» TASK: Set down again exactly the lines of the listing below that fall between the line holding "2021 Pacifica Brown" and the line holding "Heart Line Art", inclusive.

» SUPPLIED ENTRIES:

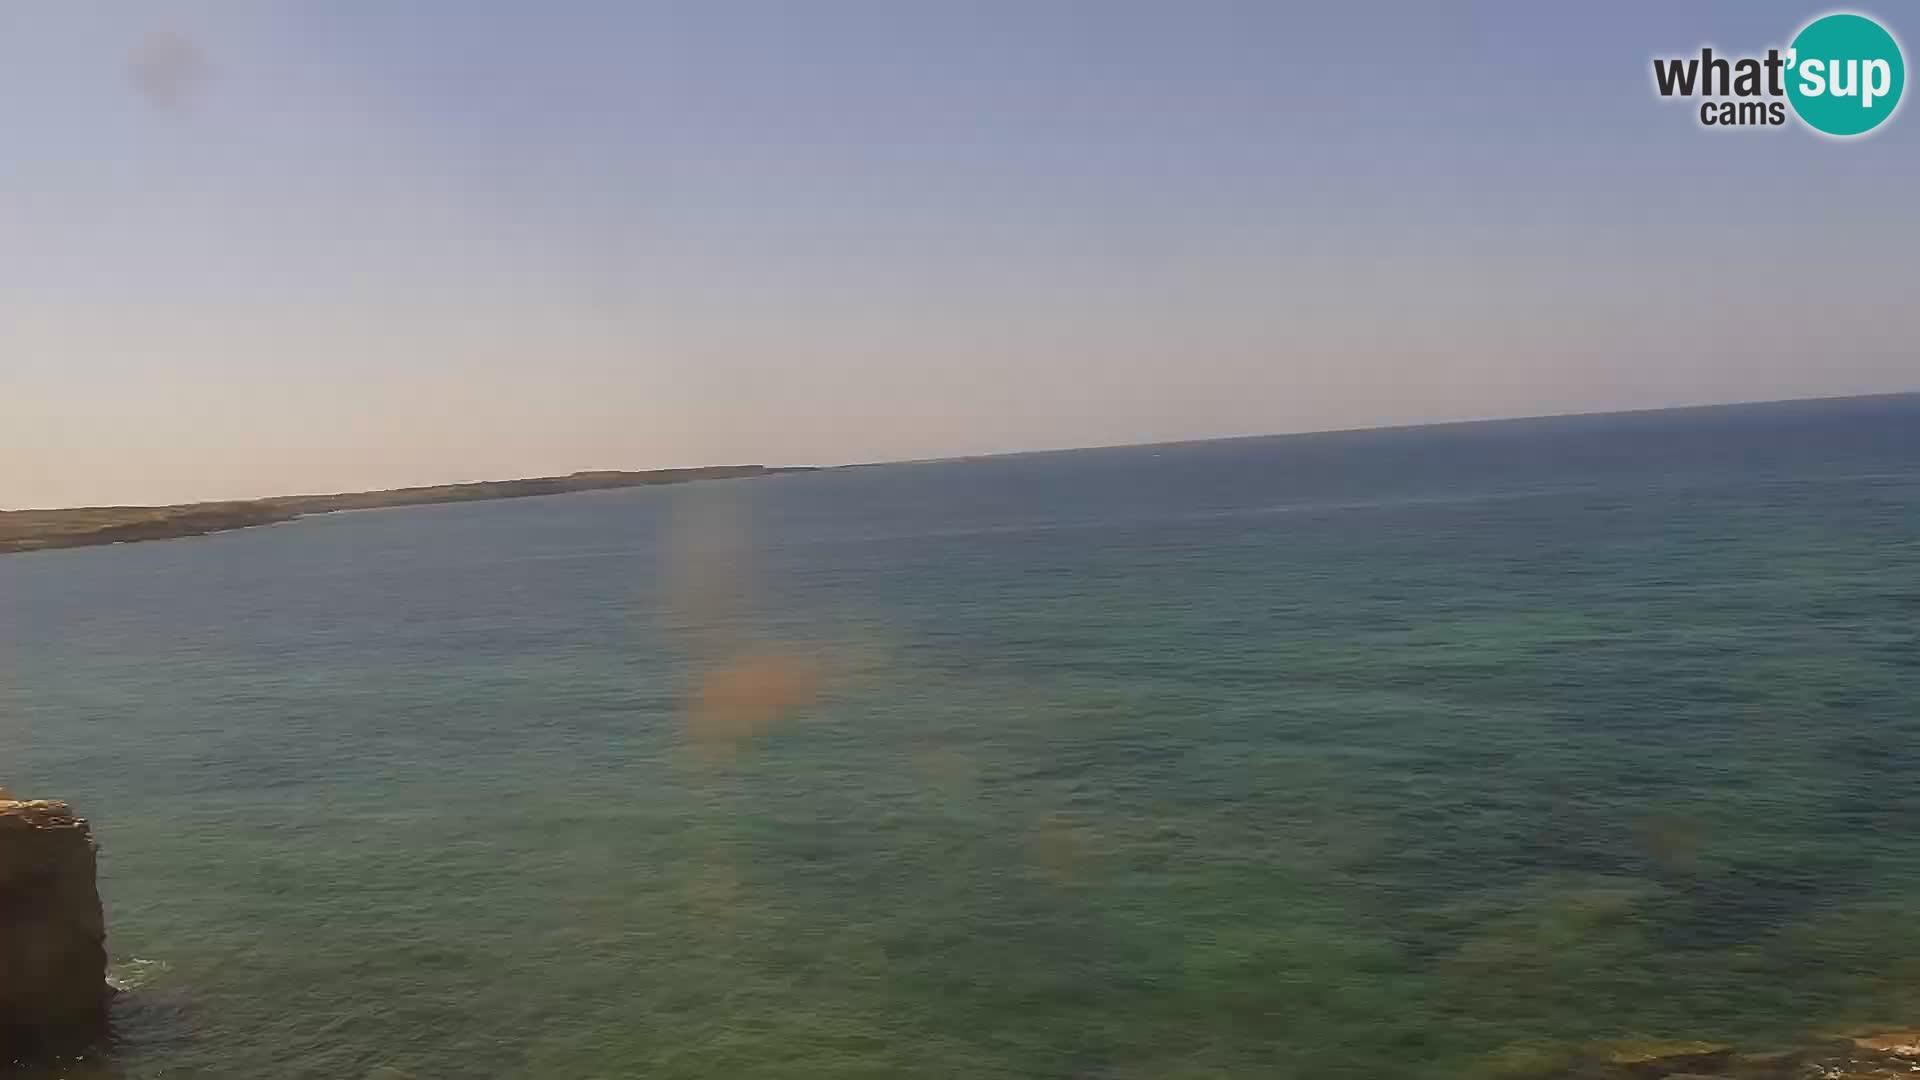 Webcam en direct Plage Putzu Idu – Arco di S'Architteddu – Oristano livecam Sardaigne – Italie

==

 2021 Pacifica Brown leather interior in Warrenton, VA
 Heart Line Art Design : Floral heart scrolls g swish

» THE ANSWER:
 2021 Pacifica Brown leather interior in Warrenton, VA
 Heart Line Art Design : Floral heart scrolls g swish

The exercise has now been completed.